As a precaution, he hung the DO NOT DISTURB sign outside the door and engaged the security lock. Then he put the teabags into the pot, and while he waited for them to steep, he removed his tools from his suitcase, and began to open the package.

Ten minutes later, he took a sip of his tea, then gently lifted the Ingraham chiming mantel clock from its nest of shredded paper, which lay inside the polystyrene outer casing he had fashioned for it a fortnight ago.

Carefully he removed the round, brass gong from inside the clock’s casing. Then even more carefully still, he opened up the two halves of the gong.

And smiled for the first time since his plane had landed.

89

The yellow cab was crossing the Brooklyn Bridge. It was a fine, cloudless morning; Roy Grace, squashed in the cramped rear alongside Jack Alexander and Guy Batchelor, stared out at the sparkling water of the East River. He was all too mindful that it had been less than a mile from here where the horrors of the 9/11 World Trade Center attack had taken place – and that Pat Lanigan had lost a cousin in it.

A short time later the driver, who spoke only mumbling English, pulled over. Grace recognized, from his last visit here, the Brooklyn police HQ office building, housing the Mafia-busting team to which Lanigan was currently assigned. To their left, across the street, was a square slab of a building with a yellow sign on which was written BARCLAY SCHOOL SUPPLIES, and in front of it was an open elevator-system car park that looked like a giant Meccano construction.

They clambered out, paid the driver, then entered the modern skyscraper, and gave their names to the security guard. A couple of minutes later, holding their visitor passes, they waited as the lift stopped on the tenth floor.

Pat Lanigan, wearing a yellow polo shirt, cream chinos and trainers, greeted them cheerily; Grace was relieved, from past experiences with Lanigan, that he’d chosen to dress casually today, as had his two colleagues.
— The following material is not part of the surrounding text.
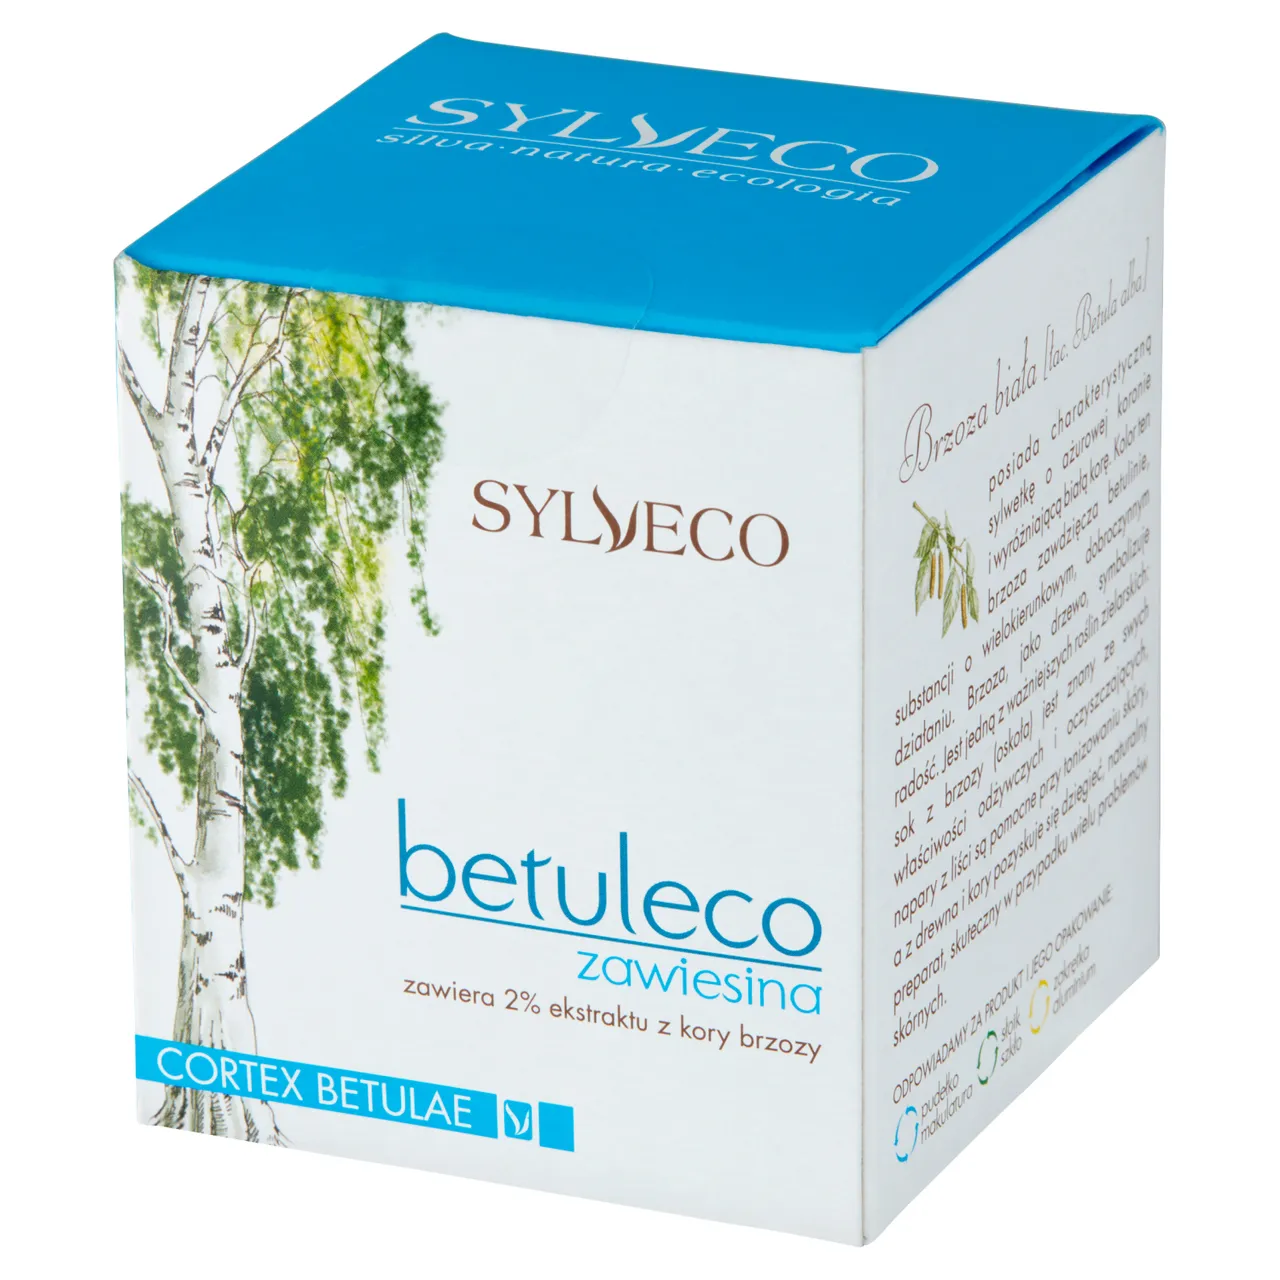 Sylveco, Betuleco, zawiesina,  110 ml

The detective led them through a door with an NYPD shield and combination lock, and along a labyrinth of carpeted corridors, through an open-plan office full of empty cubicles with high-sided partitions. Each little space had a clean waste bin with a neat bin bag and clinically tidy desk. They passed a Stars and Stripes flag with the wording FLAG OF HONOR pinned to a wall, followed by a black and white map of Brooklyn, gridded and numbered, and all the other boroughs of New York beyond it.